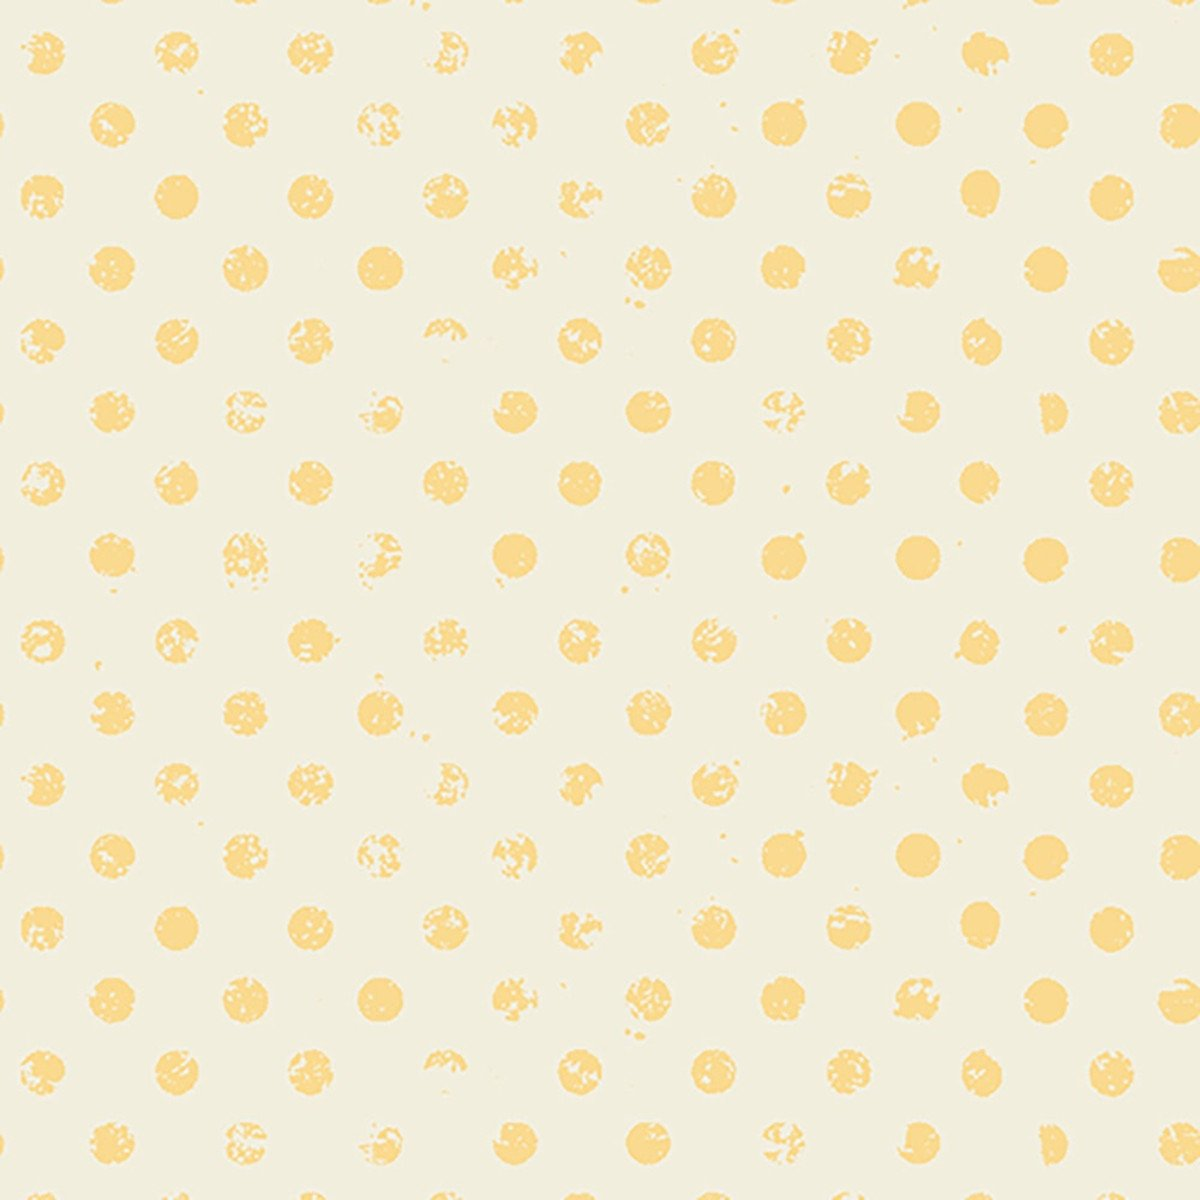 Yellow - Dot - Lemonade by Dan DiPaolo - Y3214-9
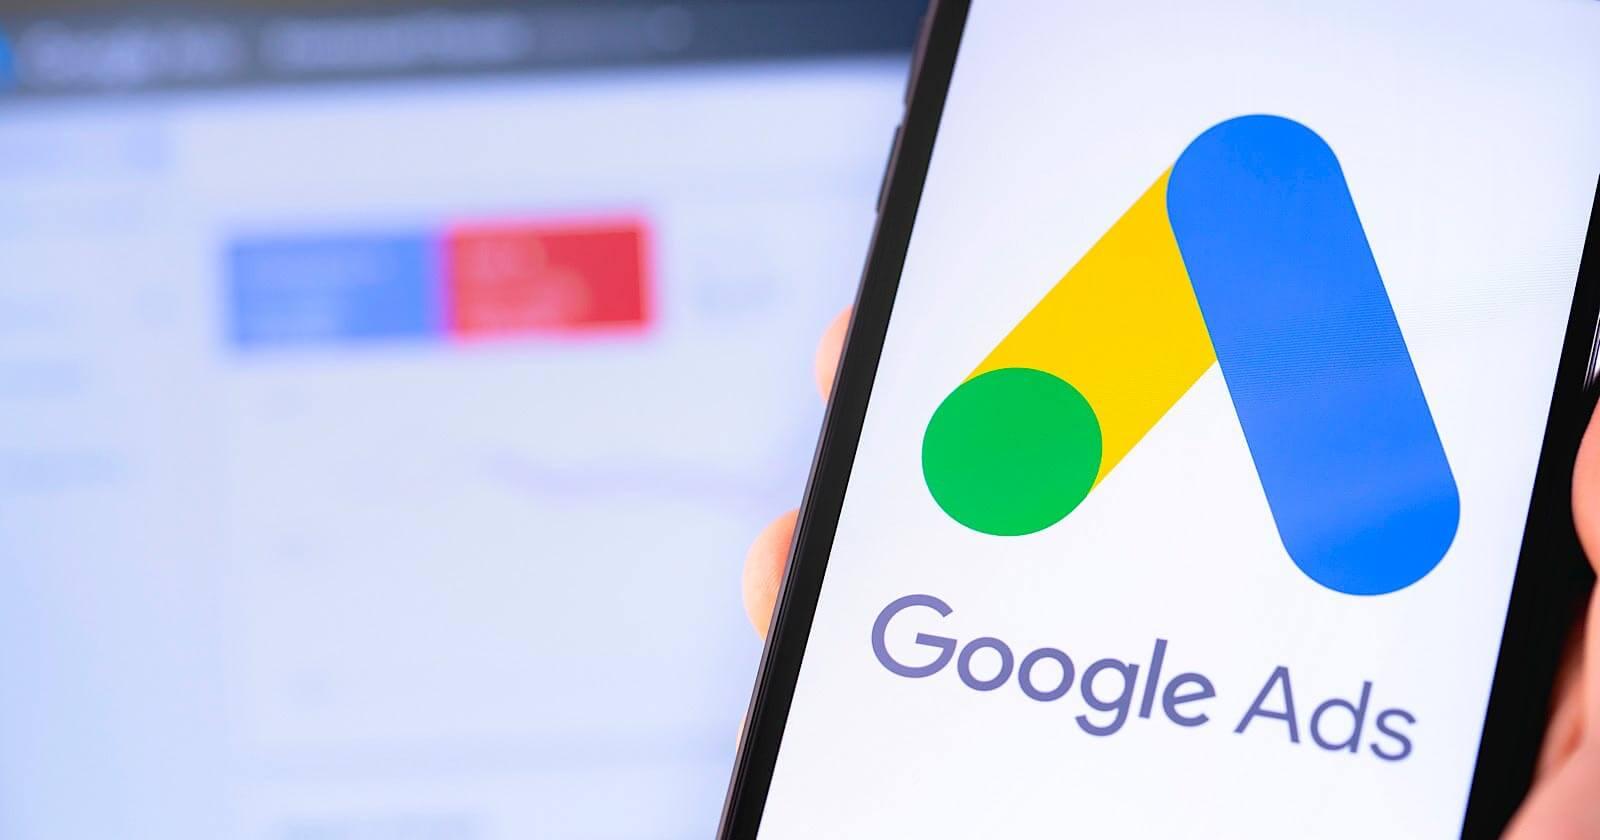 Google Ads: обновления сервиса, новости и тенденции контекстной рекламы, Фото № 4 - google-seo.pro
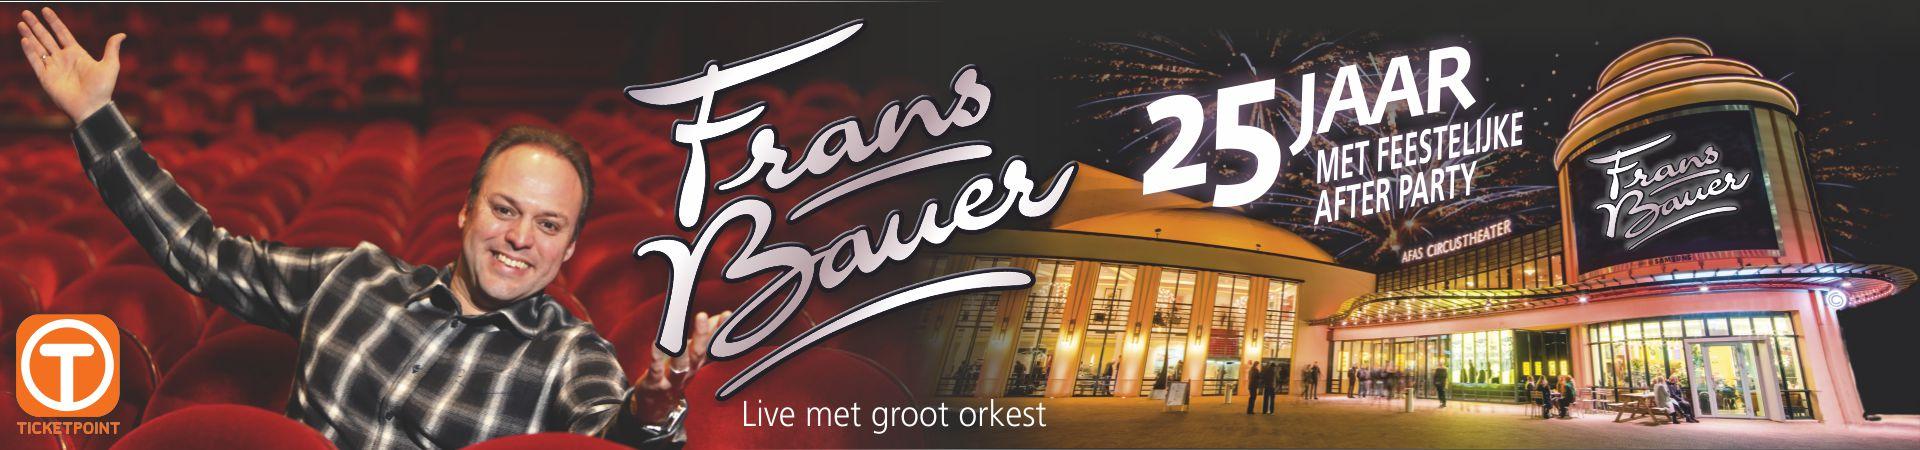 Frans Bauer 1920x450
※ ※ ※
-- DIRECTIONS FOR THIS TASK --
Set down the complete material exactly, but do not include the images.

-- REPLY TO THE EXERCISE --
 Yellow - Dot - Lemonade by Dan DiPaolo - Y3214-9
 Google Ads: обновления сервиса, новости и тенденции контекстной рекламы, Фото № 4 - google-seo.pro
 Frans Bauer 1920x450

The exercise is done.